Motorhome Department Sales Agreement Terms and Conditions (the “Terms”)
These Terms apply to the exclusion of any other terms that you seek to impose or incorporate, or which are implied by trade, custom, practice, or course of dealing.
1. The leisure asset
- All descriptions or illustrations contained in the Company website, brochures, catalogues or elsewhere are for identification purposes only. The Company and their respective servants or agents shall not be responsible for errors of description, unless they are proved to be intentionally misleading.
- The buyer should satisfy themselves, prior to sale, as to the condition of the leisure asset and should exercise and rely on their own judgment as to whether the leisure asset accords with any description. The leisure asset is sold on an “as seen as is” basis and no warranty or representation is made by the Company as to the condition of the leisure asset or as to whether the leisure asset accords with any description. All conditions and other terms relating to the leisure asset (whether express or implied by statute or common law) are excluded to the fullest extent permitted by law.
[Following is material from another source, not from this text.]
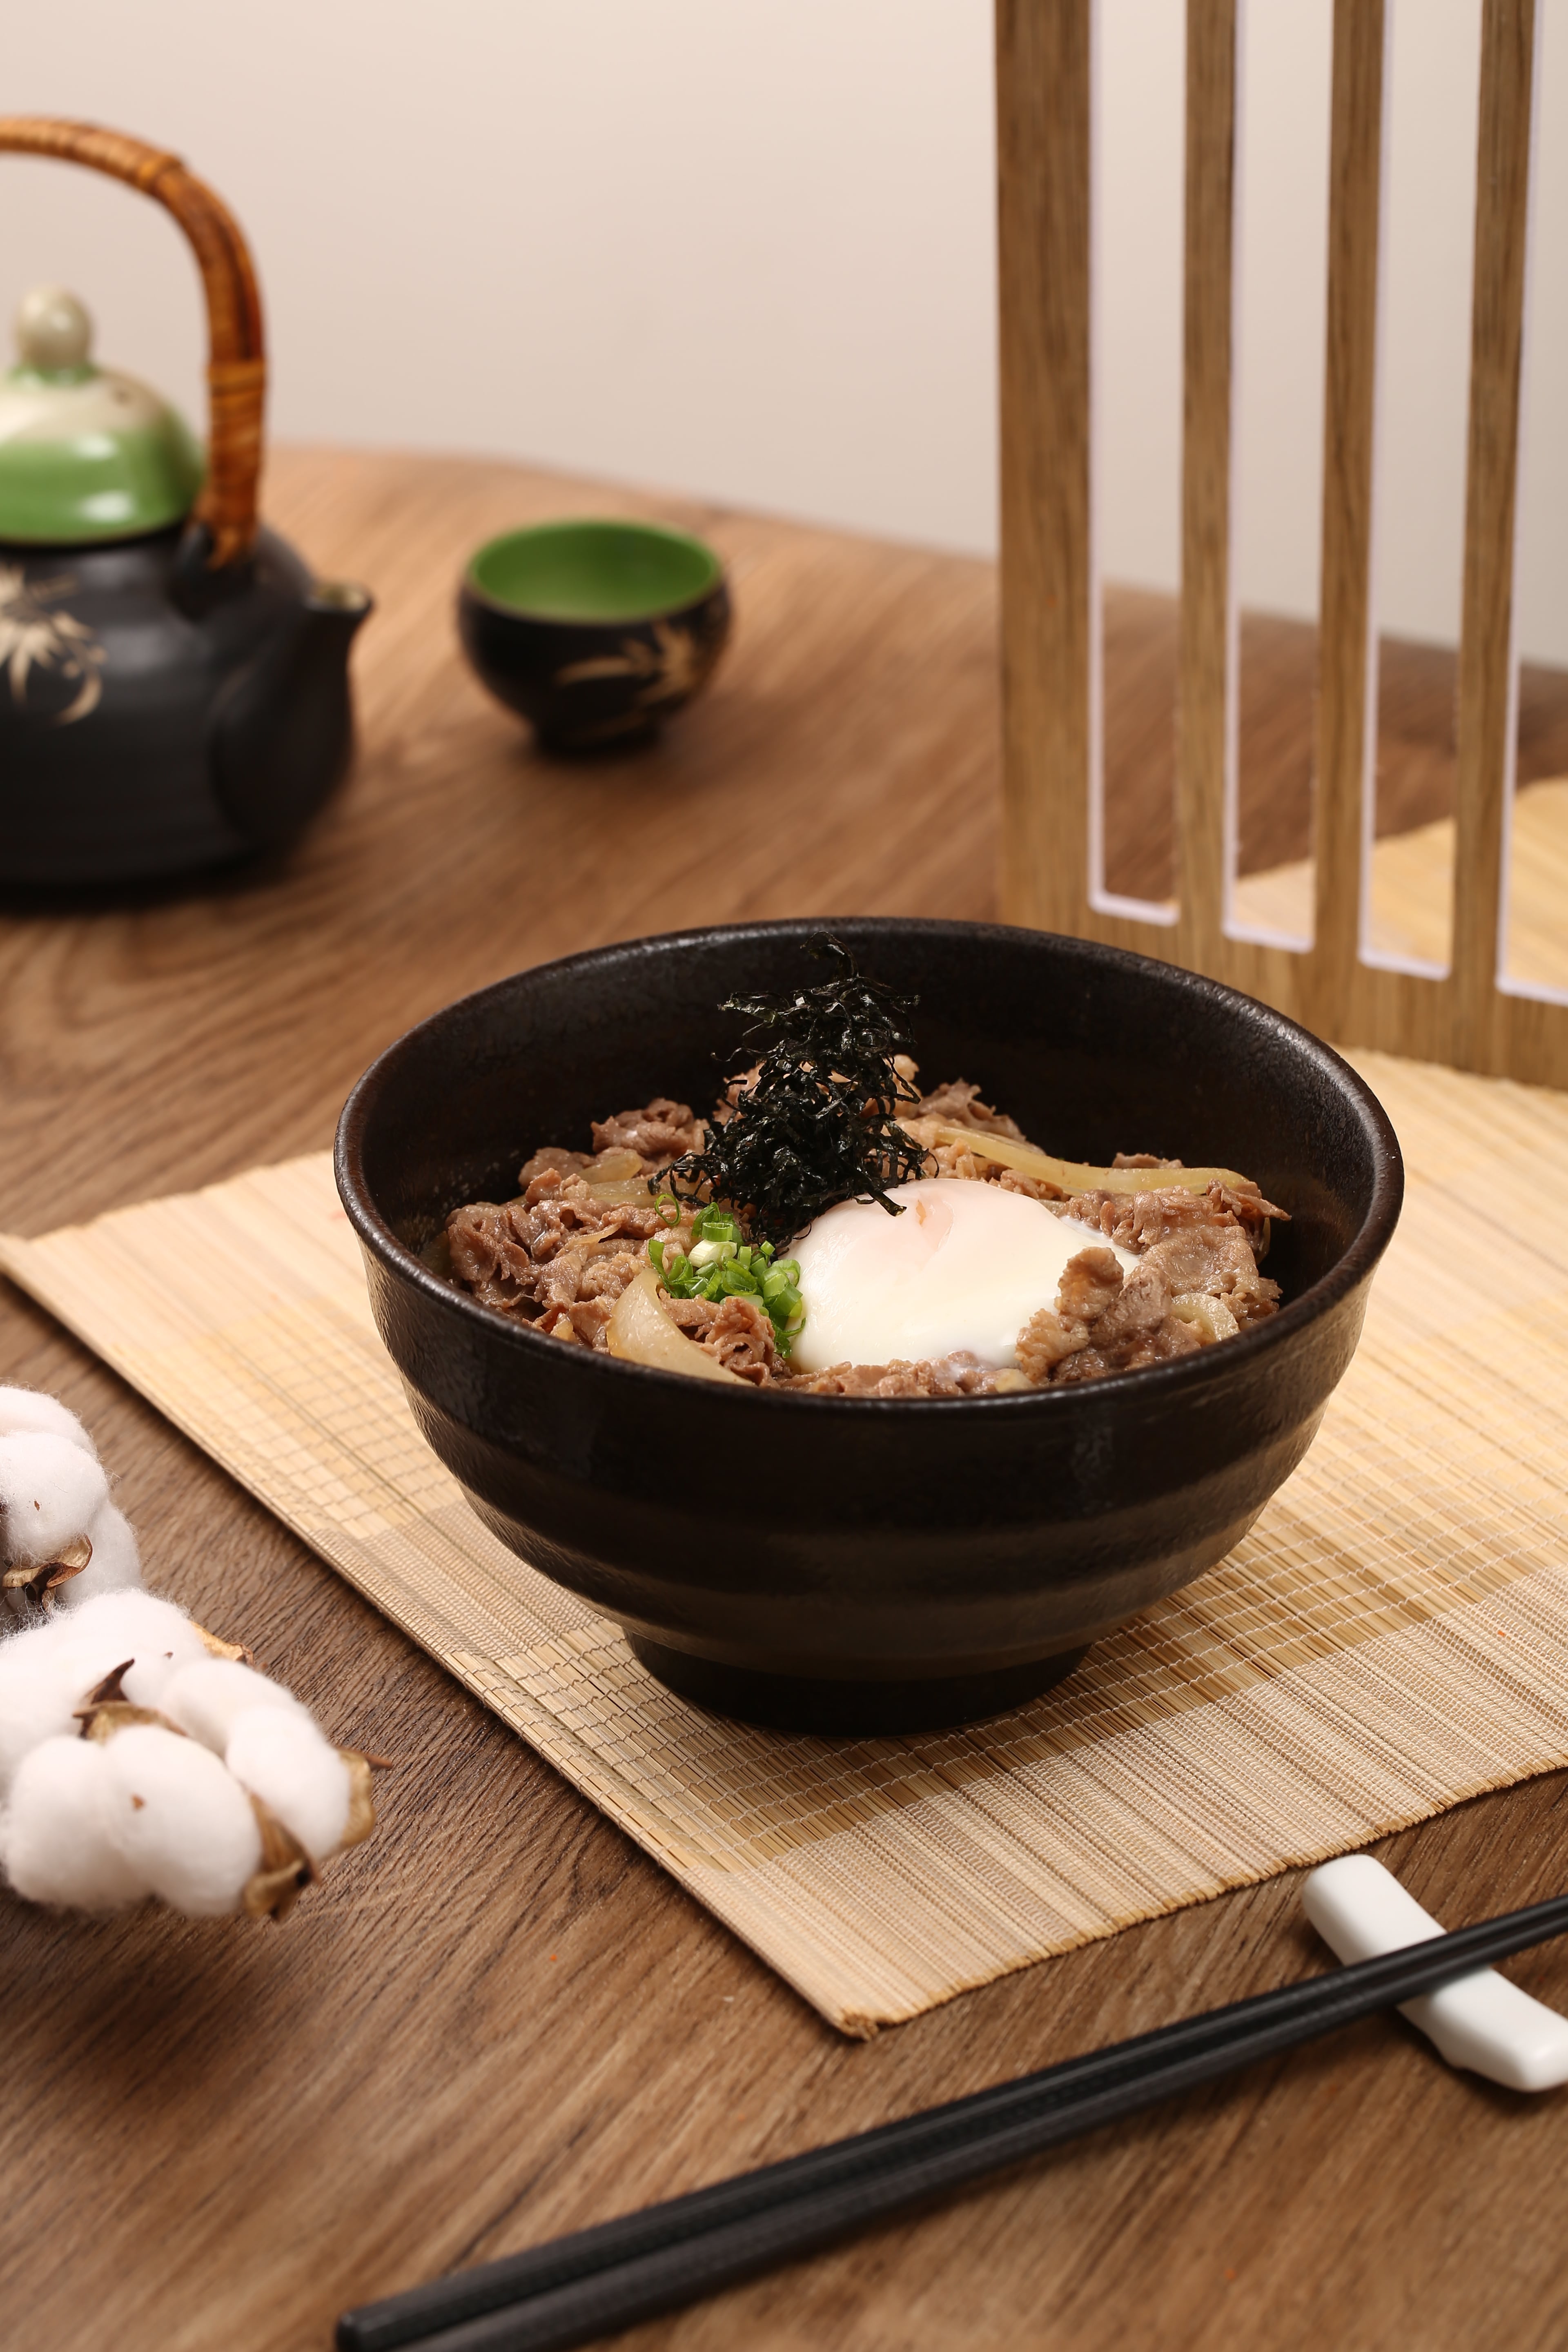 The quintessence of Japanese cuisine

- Any reference to the age of the leisure asset in the particulars relating to it, is intended to be a reference to the year of first registration of the leisure asset in the United Kingdom.
2. Basis of sale
- The Company warrants to the buyer that they are the true owner of the leisure asset/properly authorised to sell the leisure asset by the true owner and is able to transfer a good and marketable title to the leisure asset free from any third party claims.
- Without prejudice to clause 1b, a leisure asset may be sold with the benefit of a third party warranty where the buyer elects to purchase such warranty at the time of sale, or provided by the Company free of charge within the agreed sale price.
- The Company and their respective servants or agents shall not be responsible for the administration or enforcement of the warranty referred to in clause 2b. Any claims or issues arising under it shall be dealt with solely by the buyer in accordance with and subject to the terms and conditions of such warranty.
- If the buyer wishes additional work to be carried out, then the buyer is liable for all costs relating to that work. This includes payment in full should the purchase deposit agreement not be fulfilled by the buyer, plus any further costs to return the leisure asset to its original state.
3. Payment of deposit and purchase price
The buyer shall pay immediately on agreement of sale (verbal or written), a deposit of ten percent of the purchase price/minimum of £2,000, at which point the Agreement shall come into force as a contract to buy. The balance (plus the cost of the warranty referred to in clause 2b and 2d for additional work, where purchased by the buyer) shall be paid in full on the day of handover. Payment is to be made by bank transfer only and must clear our bank account before transfer of ownership can take place. Credit or debit card payments will not be accepted for balance payments.
4. Collection of the leisure asset
- Subject to clause 4b, the buyer shall, at their own expense, take away the leisure asset no later than 7 days after being advised the leisure asset is made ready for handover, unless otherwise agreed.
- Notwithstanding 4a, the buyer shall pay to the Company charges for removal, storage and insurance of the leisure asset if it is not collected within the said 7 days, at which point (if applicable), the buyer may become liable to further charges incurred in selling the leisure asset on to another buyer, where costs include additional work carried out/valet/reduction in price.
5. Ownership of and risk in the leisure asset
- The ownership of the leisure asset shall not pass to the buyer until payment has been made of the purchase price to the Company in full (in cleared funds).
- The buyer shall be responsible for loss or damage to the leisure asset from the time of collection or the expiry of 7 days after the handover date (unless otherwise agreed) and neither the Company nor its servants or agents shall afterwards be responsible for any loss or damage (save if and to the extent caused by any act or negligence of theirs) while the leisure asset is in their custody or under their control.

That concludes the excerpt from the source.